“So you admit you know who we are, yet you still try to bluff your way out of this? You must have been hit very hard in the head indeed,” Wispy said, still chortling.
“I know who he is,” Jason said, nodding slightly towards Corenntal. “Nobody gives a shit about you.” Wispy was right, however. He was trying to bluff his way out of his current predicament. While they may have been petty thugs, they were at least smart enough to put him in a location with enough shielding to block his tracking signal. Corenntal stopped laughing and walked up to punch Jason in the solar plexus as hard as he could. Jason hunched forward against the restraints and struggled to get a breath in through his damaged airways.
“Don’t insult my brother,” Corenntal said ominously.
“Brother?” Jason said doubtfully through fits of gasping. He opened his mouth for another clever insult, but thought better of it. Besides, he wasn’t sure if this species even had mothers. “Last chance, bud. Walk away and this will just be a horrible misunderstanding.” This again elicited bouts of laughter from the two and even from the other thugs that were just beyond the door, listening in. Jason could count four distinct voices out there. The laughter was loud enough that he almost missed the subsonic hum that was building in intensity. By the time they stopped and began to take notice of the sound, it had grown into an all-too-familiar rumble that was shaking fixtures and could be felt through the floor.
“Too late,” Jason said with a grim smile.
“What—” Before Corenntal could finish his thought, there was a muted explosion somewhere in the building and the power failed completely, plunging the facility into darkness. “Get down there and find out what happened!” he yelled. Two of the hallway dwellers jogged off at his command, bumping into the walls and each other as they went.
BOOM!
A sizable section of the ceiling in the corridor outside of the room collapsed. The passageway was filled with choking dust and debris as Corenntal’s underlings tried to get a light source to see what had happened.
“I think I found an emergency light,” someone called down the adjacent corridor, just as there was a loud whump from where the ceiling had collapsed. As Corenntal and Wispy peered into the gloom, faintly illuminated by the weak light streaming through the hole, two crimson orbs ignited from within the dust cloud and the loud whine of weapons charging could be clearly heard.
An enormous battlesynth burst from the dust and debris with blinding speed, firing his arm-mounted plasma cannons down the corridor as he made short work of the guards in the passageway. A second dark shape dropped through the hole in the ceiling and strode directly towards the still-open door with heavy footfalls. Corenntal and Wispy were so fixated on the battlesynth they didn’t see it.
The emergency lighting kicked on just in time for the pair of criminals to see Crusher filling the entire doorway, his face a mask of unmitigated rage. When he looked down and saw Jason chained to the chair and beaten to a pulp, he leapt across the room with a deafening roar and smashed a closed fist into Wispy’s head. The alien was dead before he hit the far wall. Corenntal was struggling with a small blaster when Crusher grabbed his arm and twisted it around, breaking it in several places.
“Wait!” Jason struggled to get out, the dust clotting up all the blood and making it hard to breathe or talk. “He’s the one we’re after. Don’t kill him.” Crusher lifted Corenntal up by the neck until he was at eye level and let out a rumbling snarl as he seemed to debate on whether or not to do as his captain had asked.
“Lucky!” Crusher bellowed down the corridor. “Get in here!”
A moment later, the battlesynth shouldered in through the doorway.
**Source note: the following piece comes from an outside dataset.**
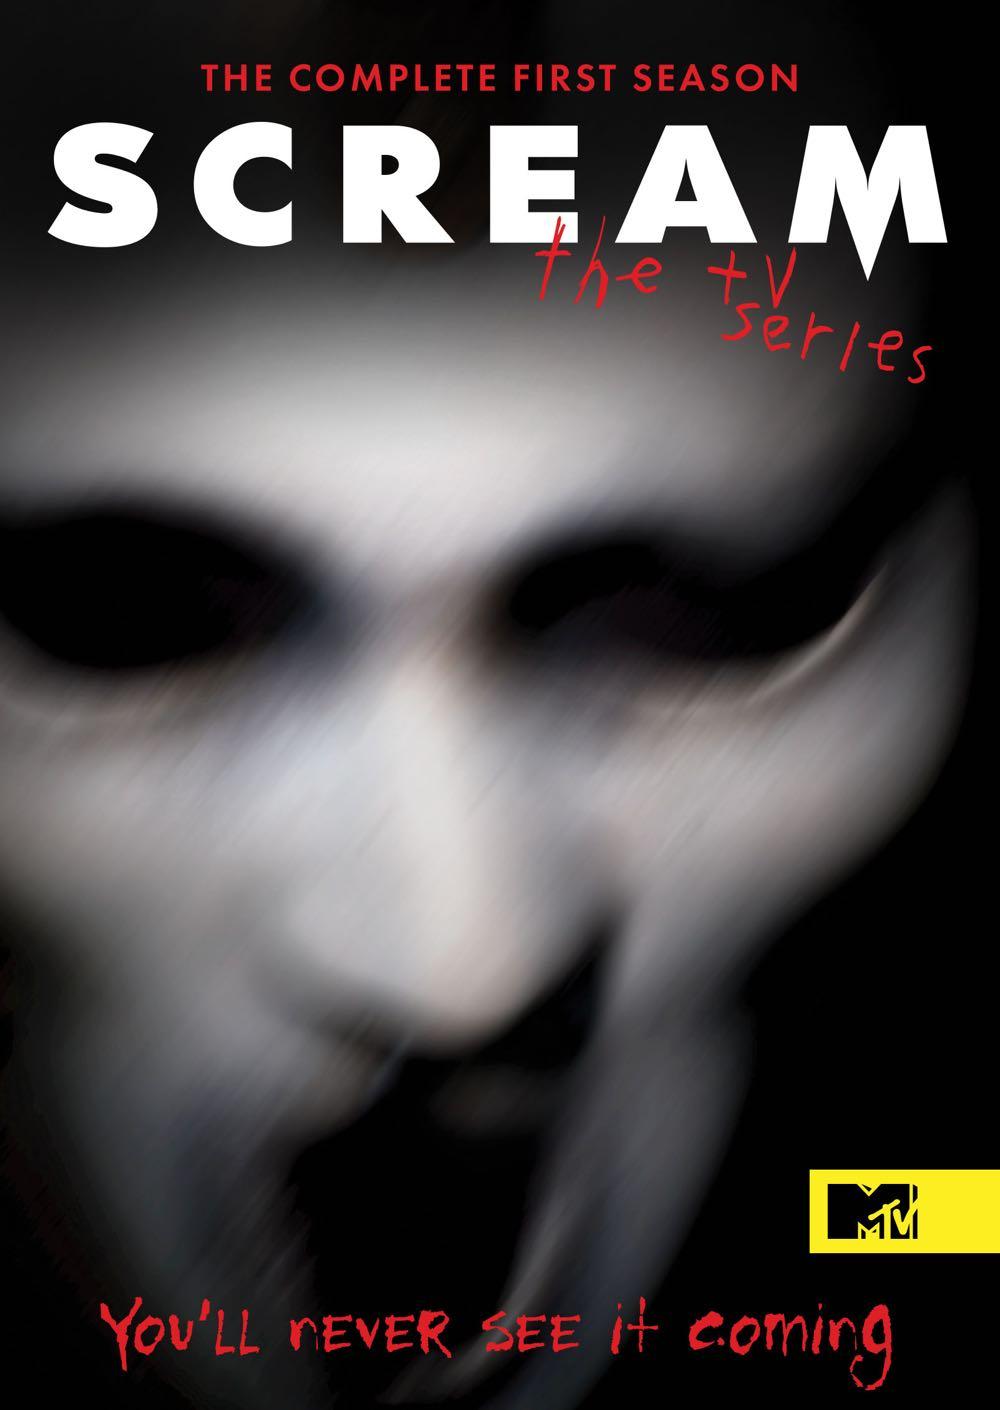 Scream Season 1 DVD TV Series
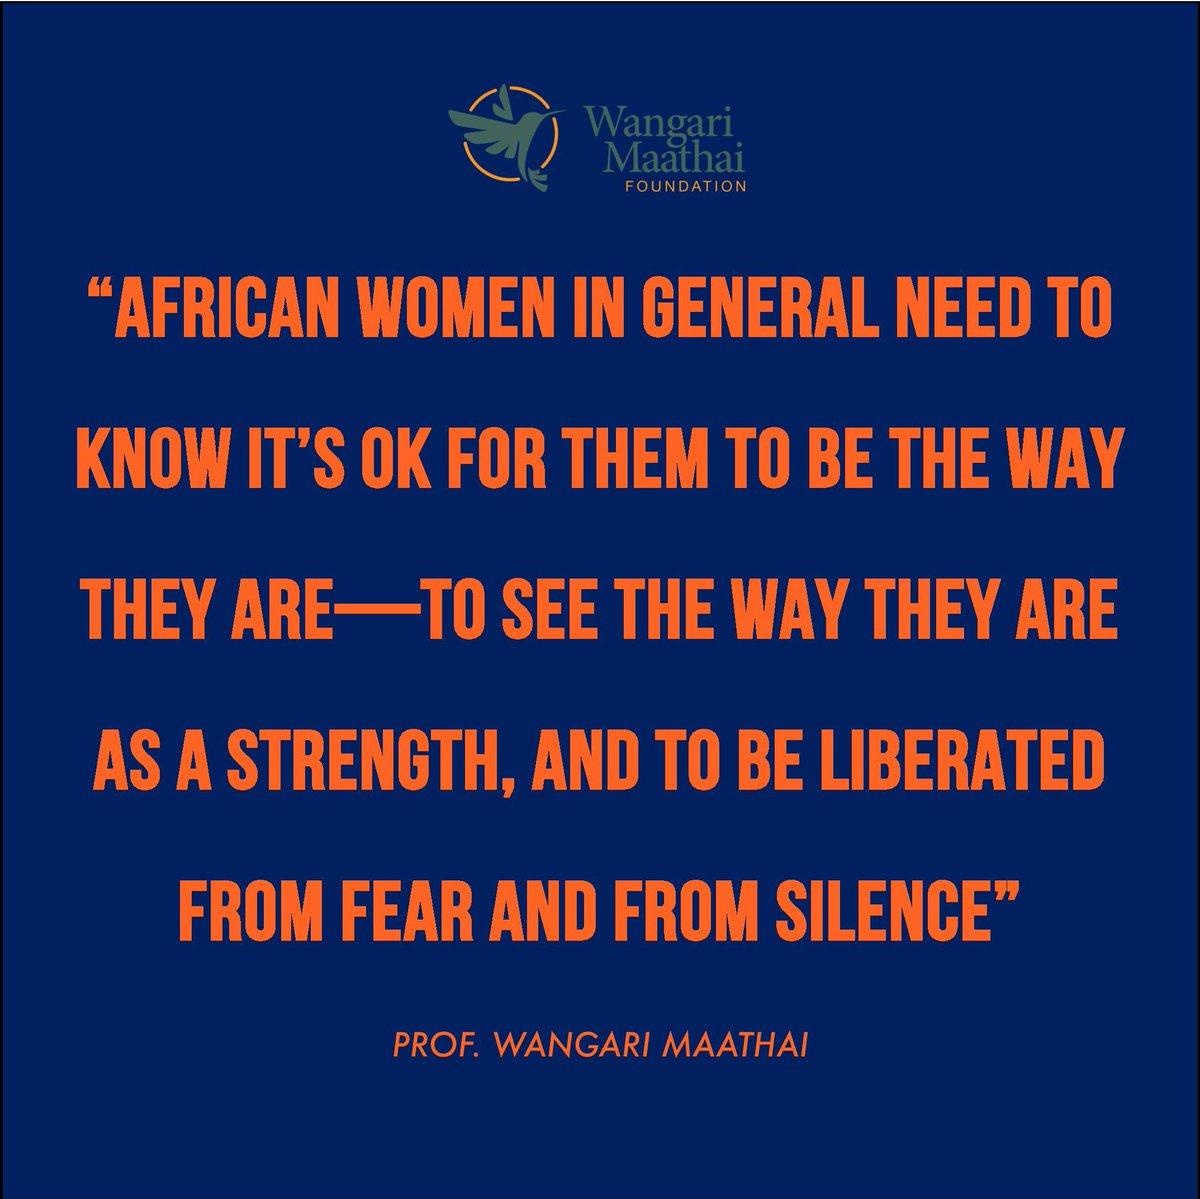 Happy International Women's Day #CourageousLeadership #IWD2019

Between him and Crusher the small room now seemed even smaller as Jason fought down waves of vertigo.
“Captain,” Lucky said crisply. “Please do not move.” A whine and sizzle let Jason know that his friend was using a cutting laser to remove his restraints. When the arm chains let go he nearly pitched forward onto his face, and was only stopped by a gentle but firm metal hand on his shoulder to catch him. He could not feel or move his arms as they’d been cinched tightly behind him for days, and they now hung uselessly at his sides.
“I’m taking this sack of shit to the ship,” Crusher said. “I’ll be back to help you with him.” With a yank the Galvetic warrior hefted Corenntal off the floor and carried him back through the doorway by the neck. Corenntal was in so much pain from the shattered arm he barely made a whimper. “Phoenix, I’m coming up the beam with the primary objective. Stand by,” Crusher said into the com as he stomped back to their ingress point.